*MATERIAL PROVIDED*
•••••

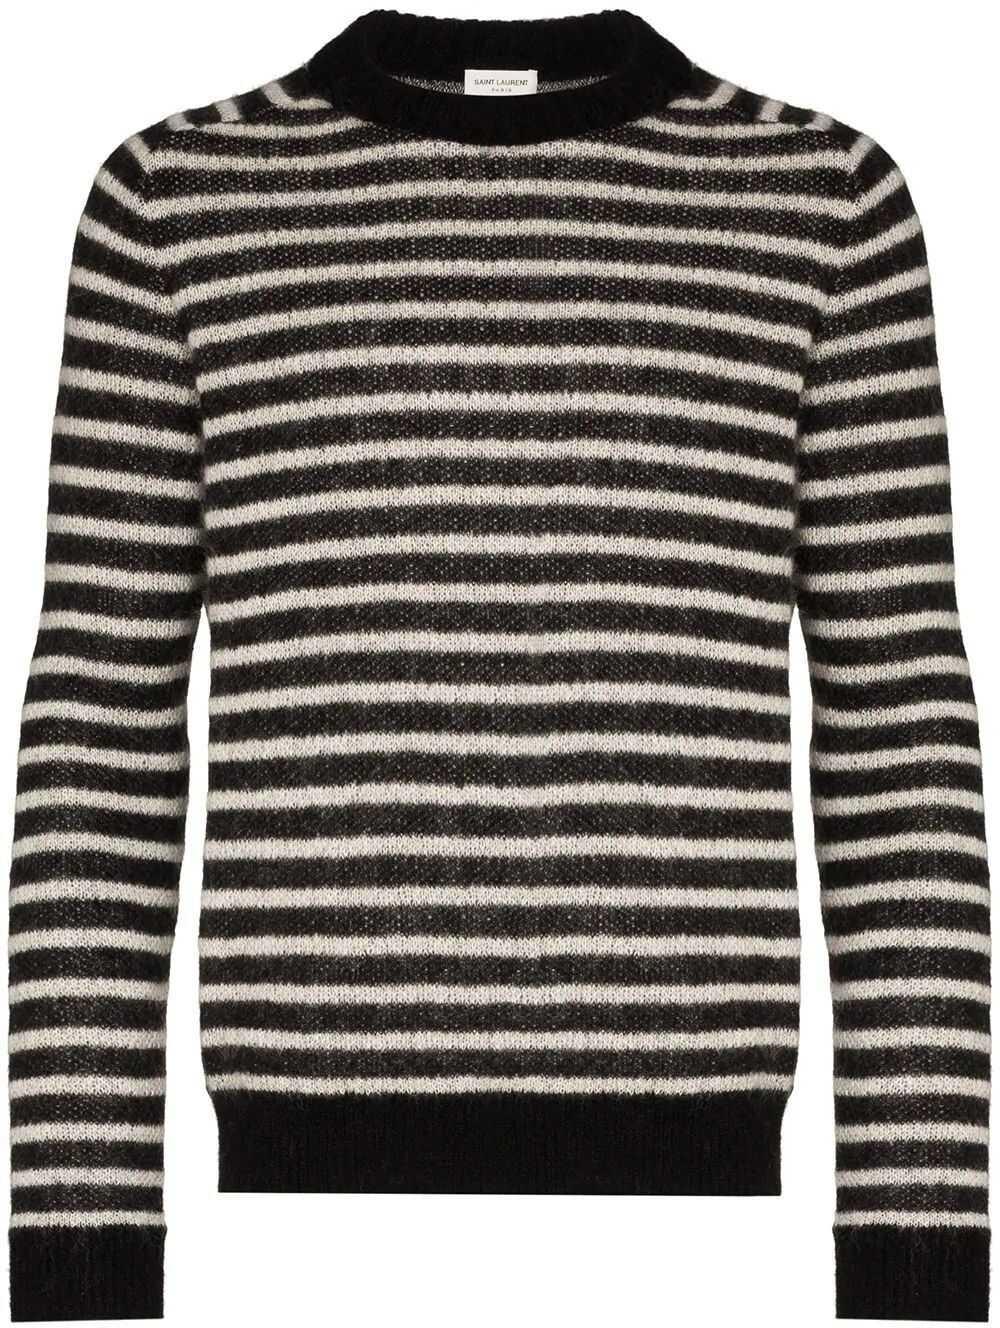 Saint Laurent Wool Sweater BLACK
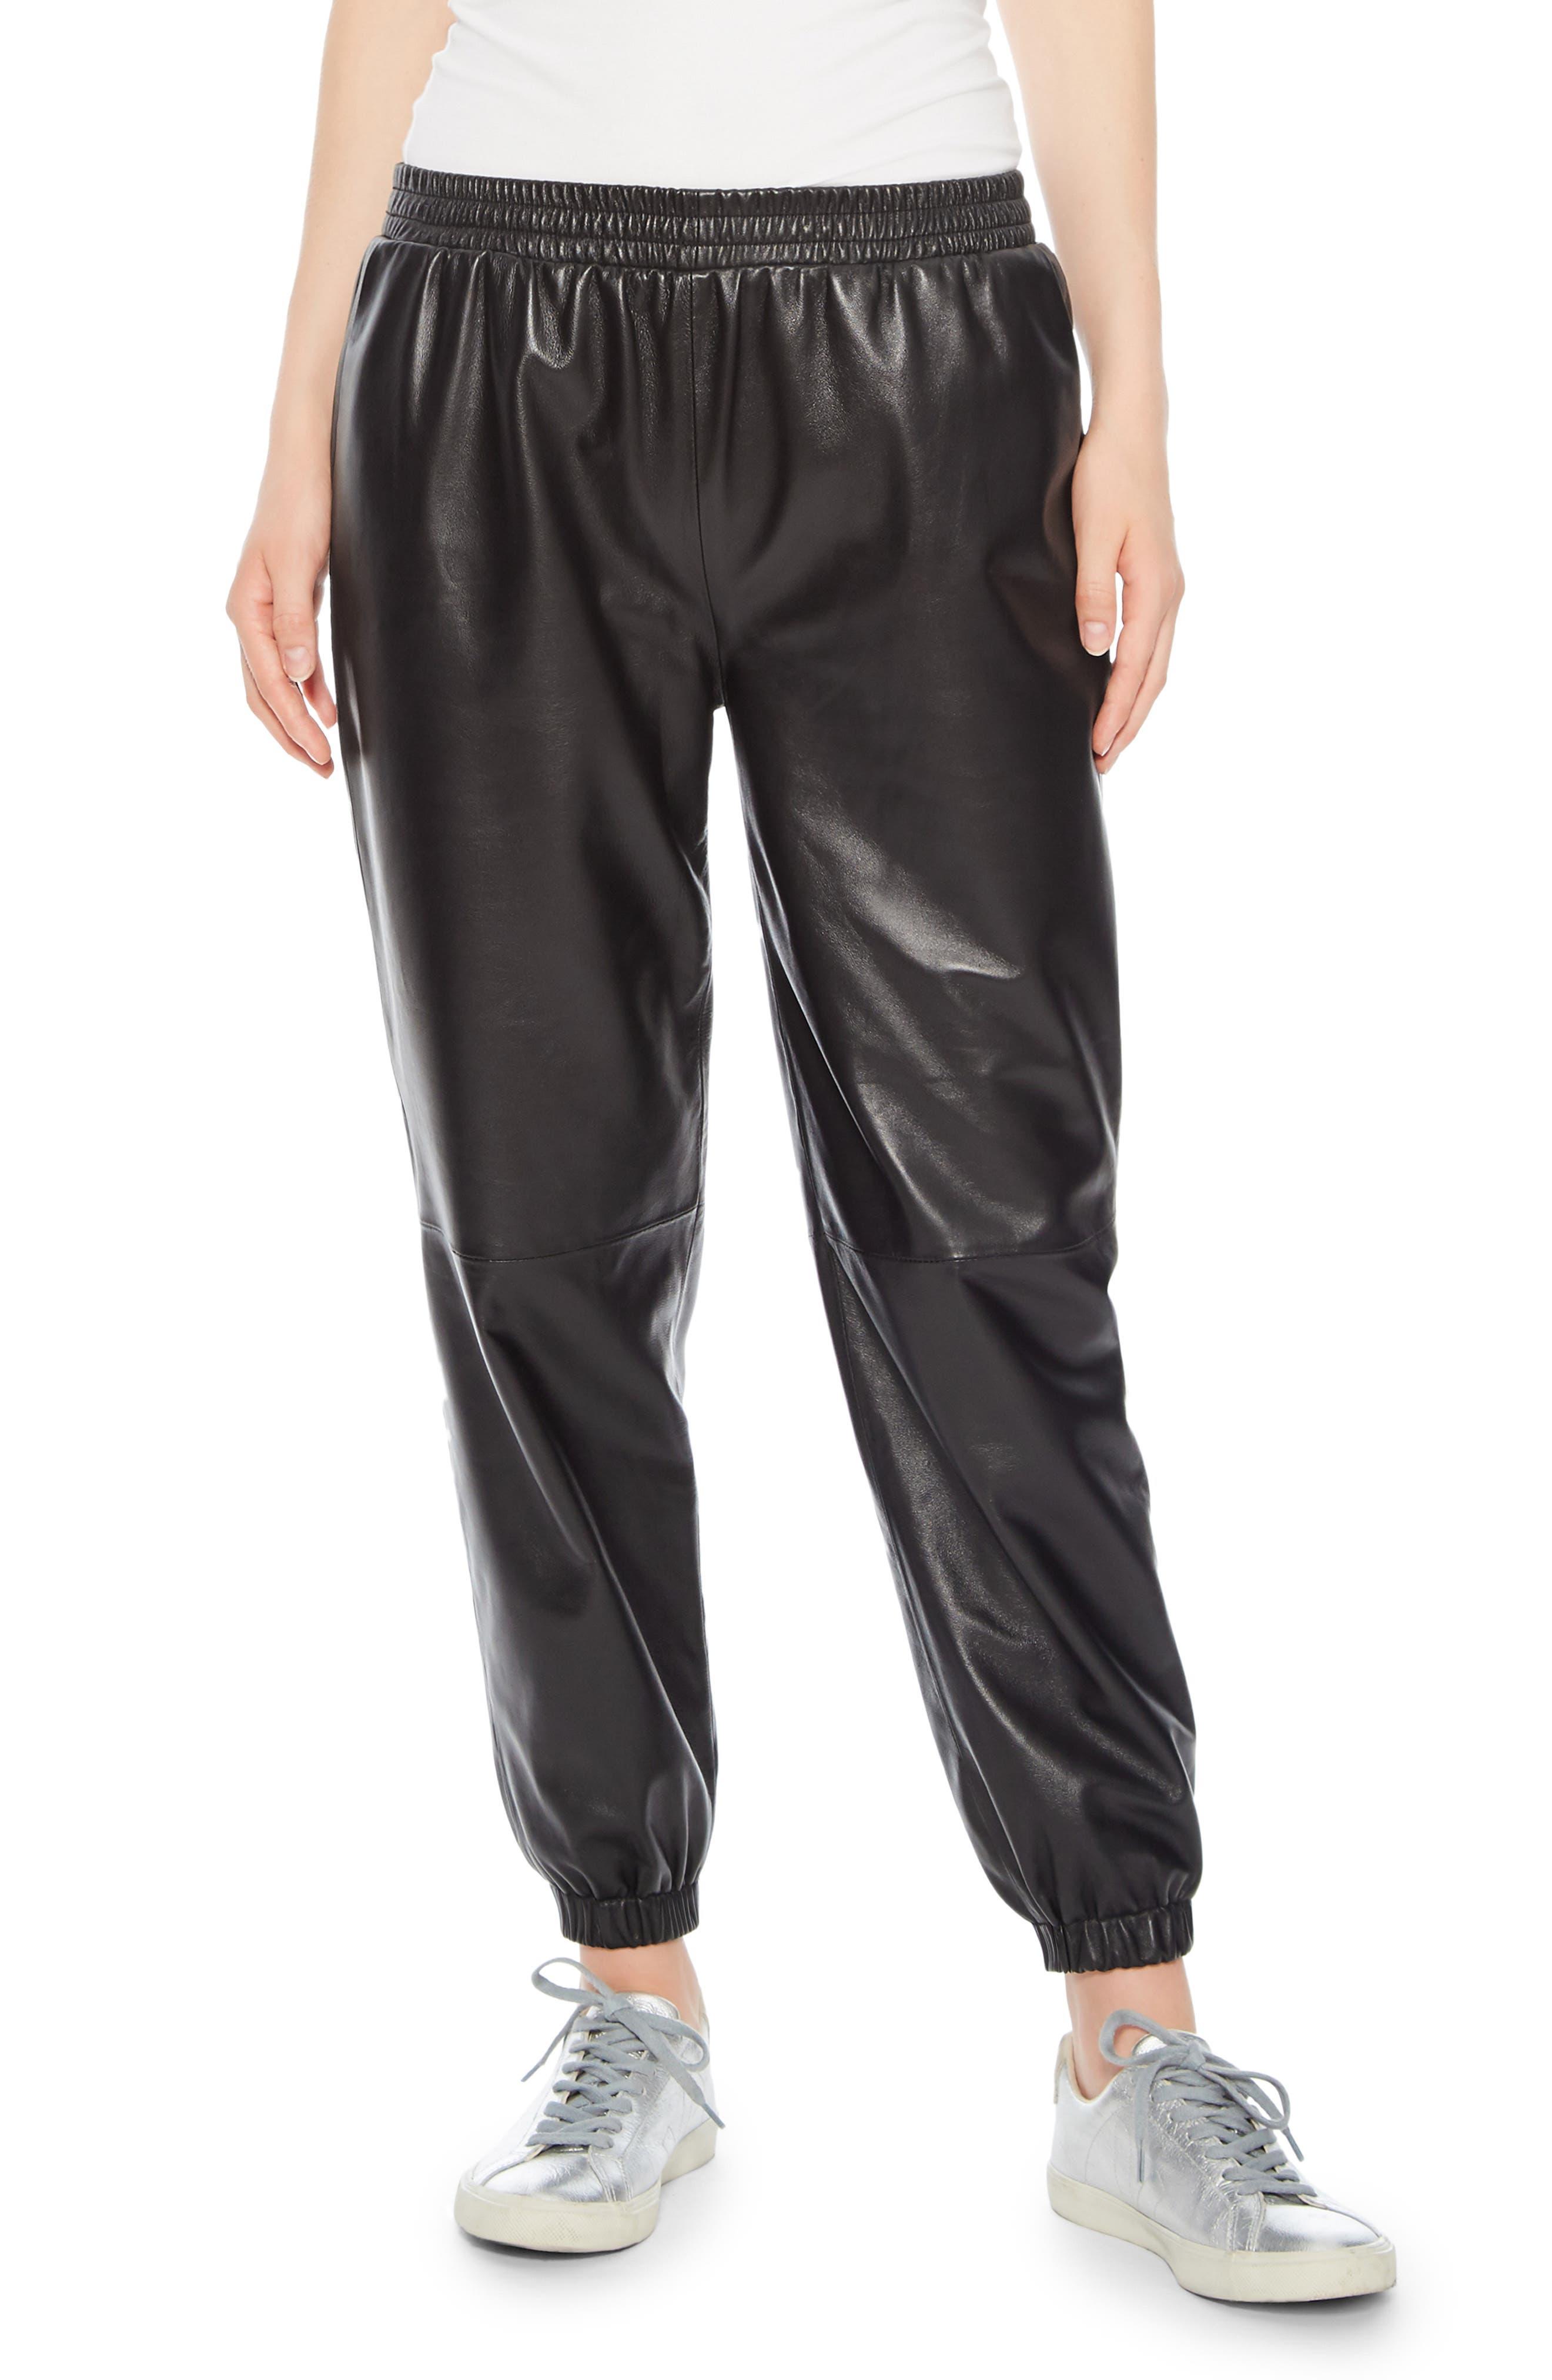 Eavan Leather Jogger Pants,                         Main,                         color, 001
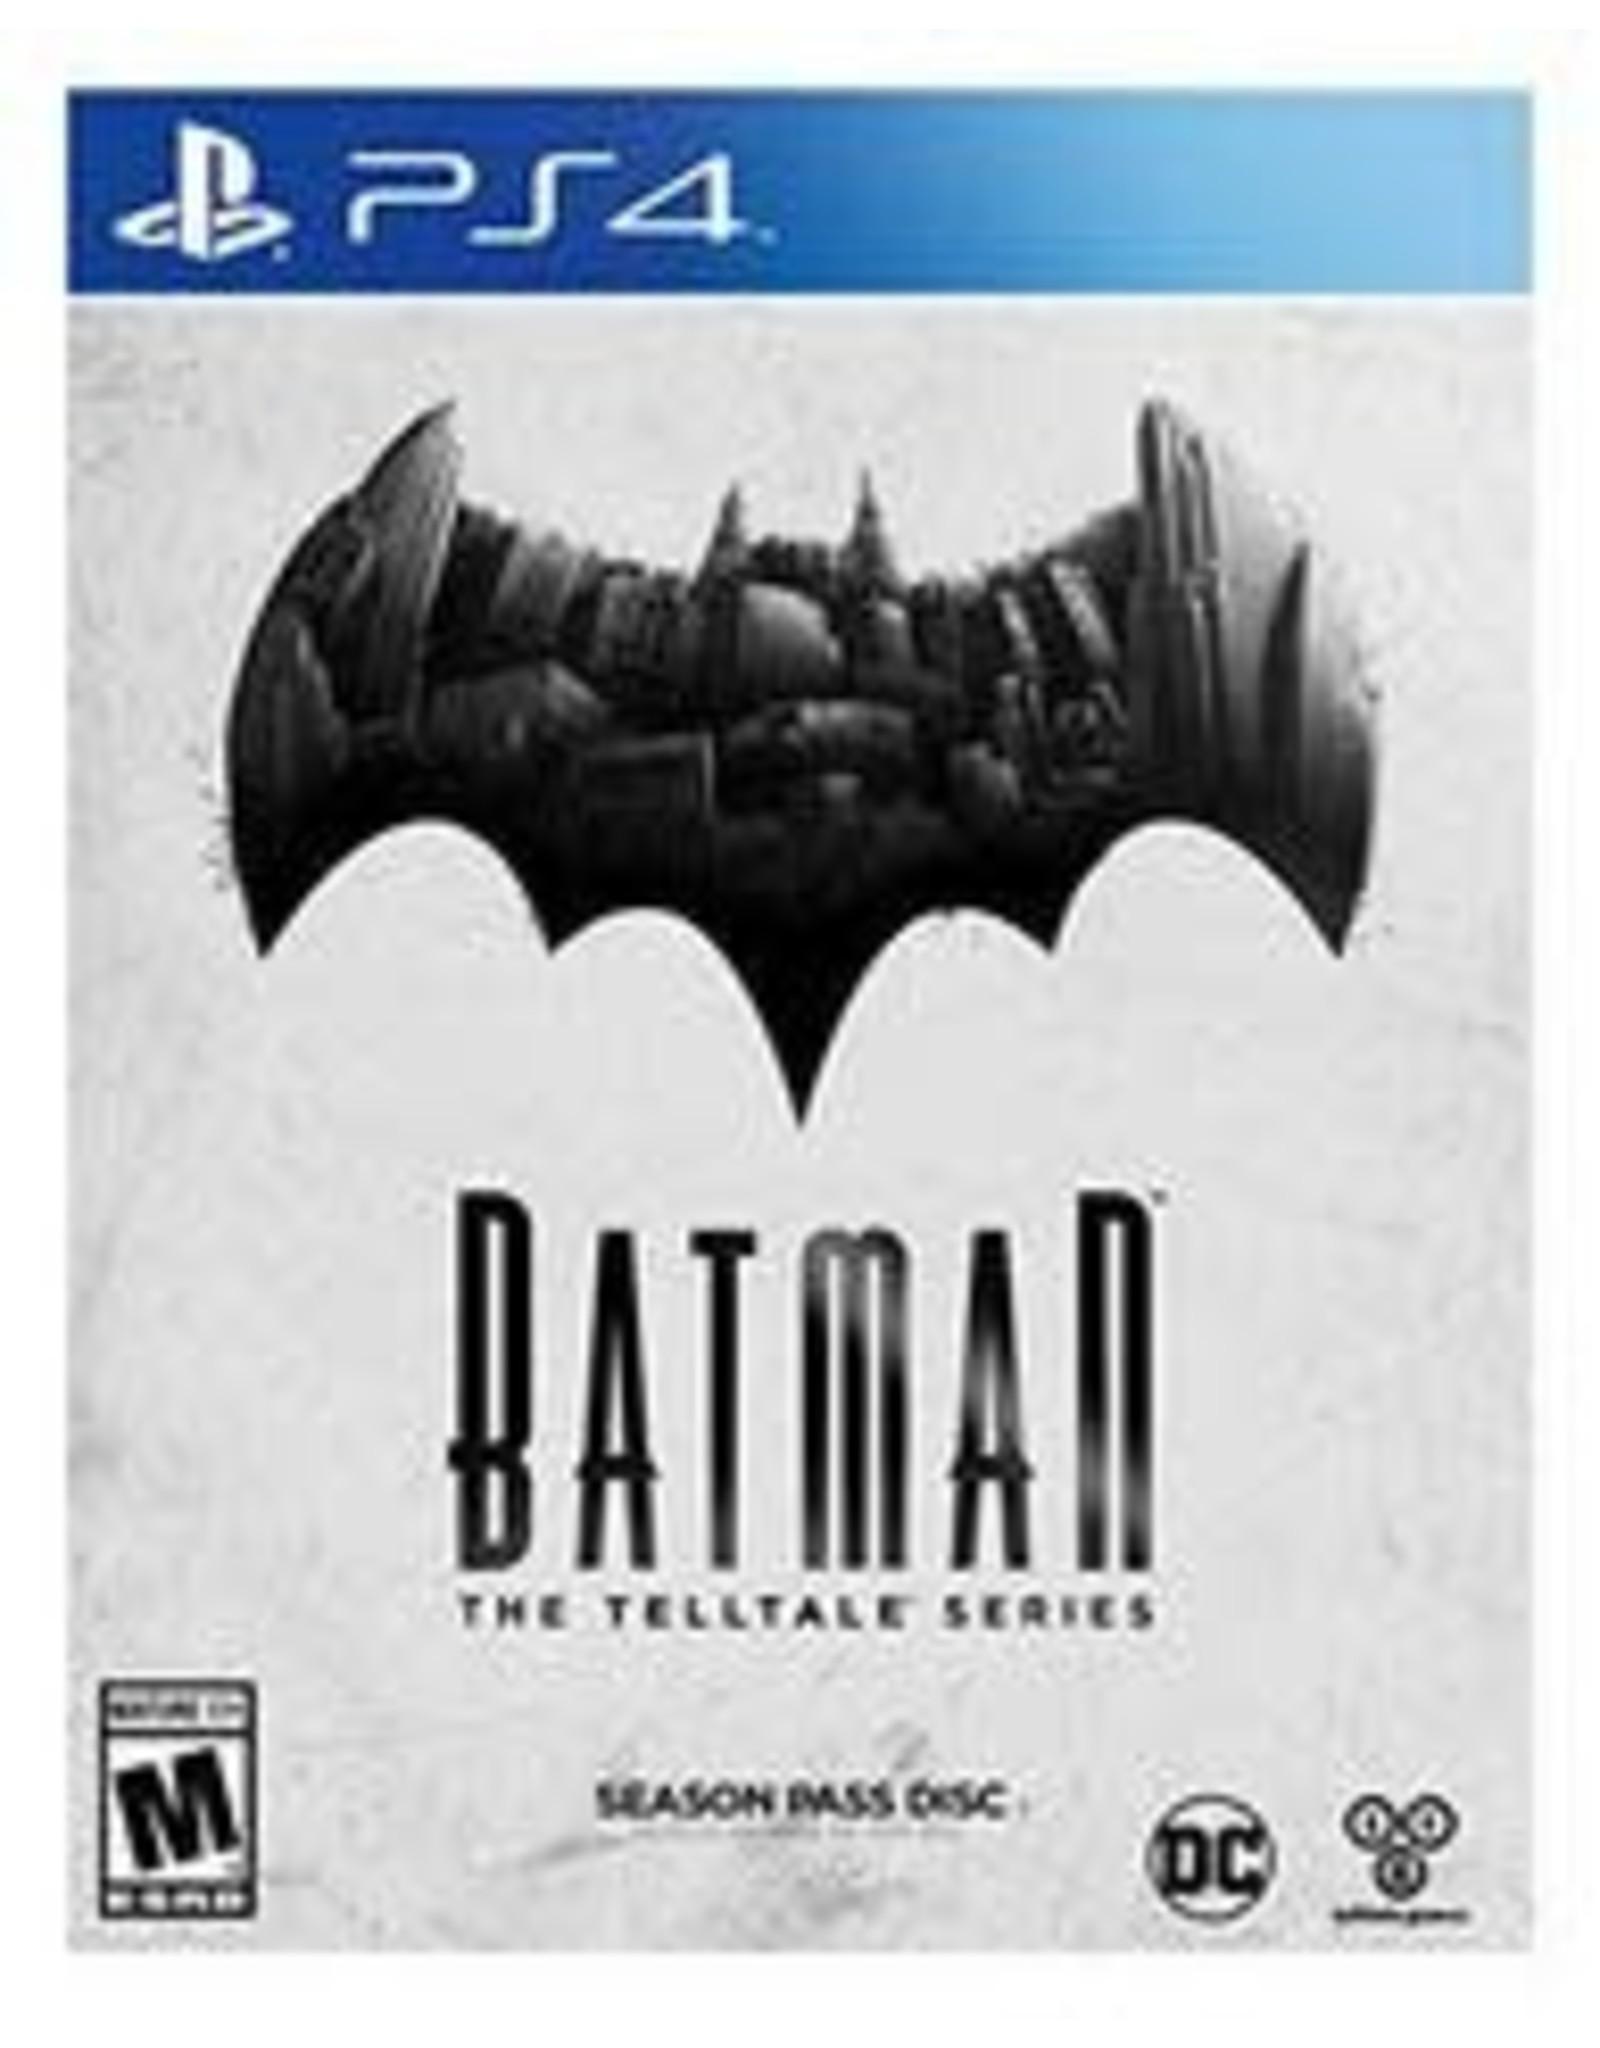 Playstation 4 Batman: The Telltale Series (Used)
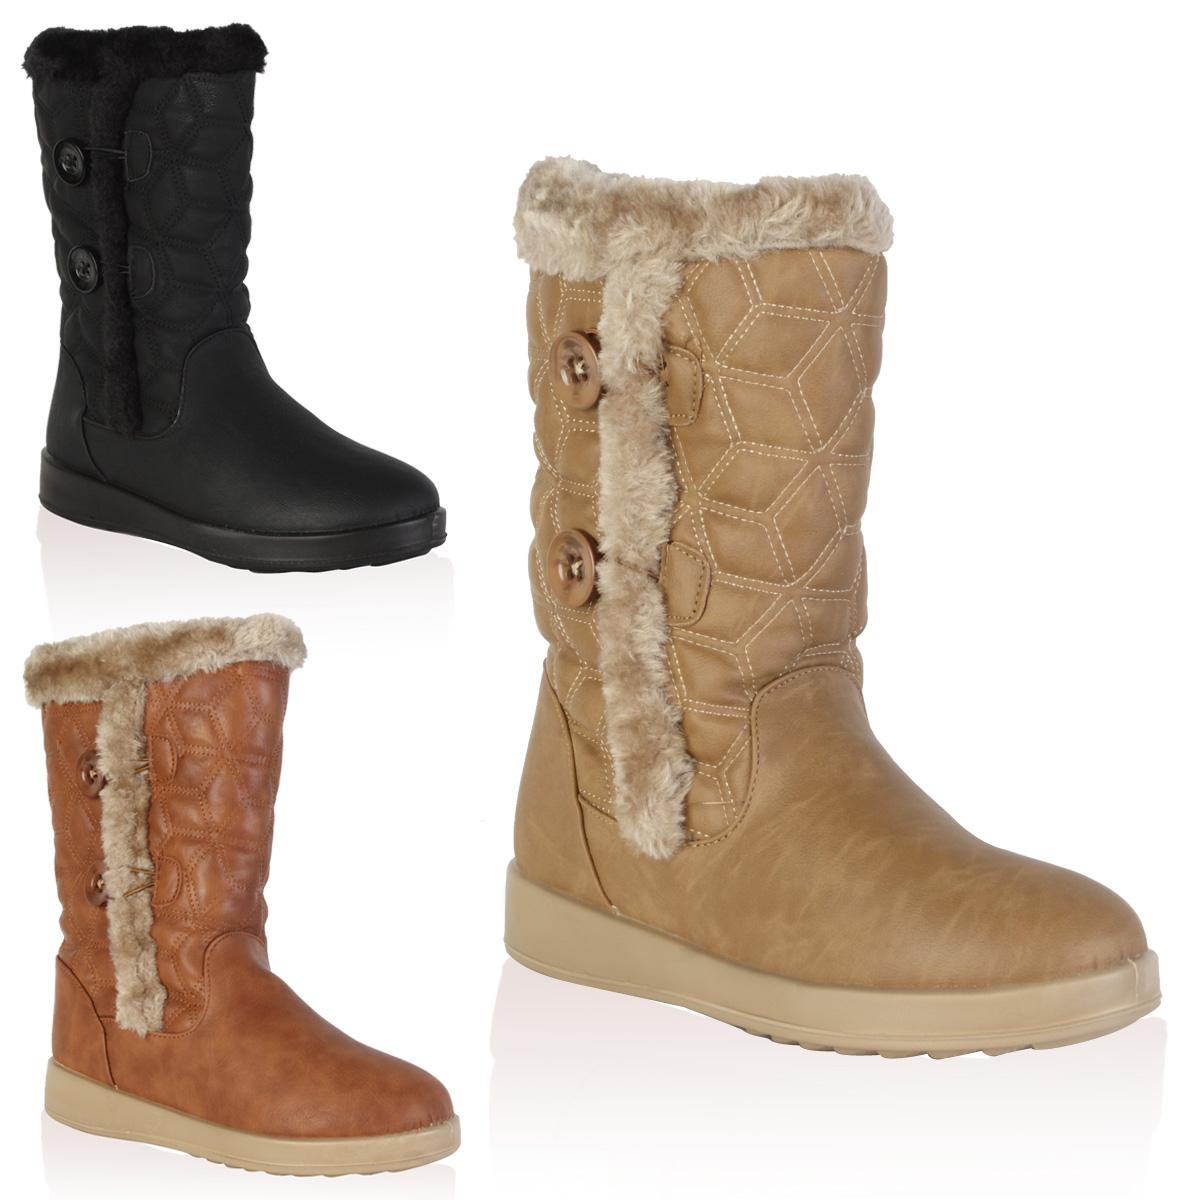 Womens Snow Boots Size 10 | NATIONAL SHERIFFS' ASSOCIATION

•••••

*YOUR GOAL*
Give back all of the material exactly, though without the images it contains.

*ANSWER BOX*
 Saint Laurent Wool Sweater BLACK
 Eavan Leather Jogger Pants,                         Main,                         color, 001
 Playstation 4 Batman: The Telltale Series (Used)
 Womens Snow Boots Size 10 | NATIONAL SHERIFFS' ASSOCIATION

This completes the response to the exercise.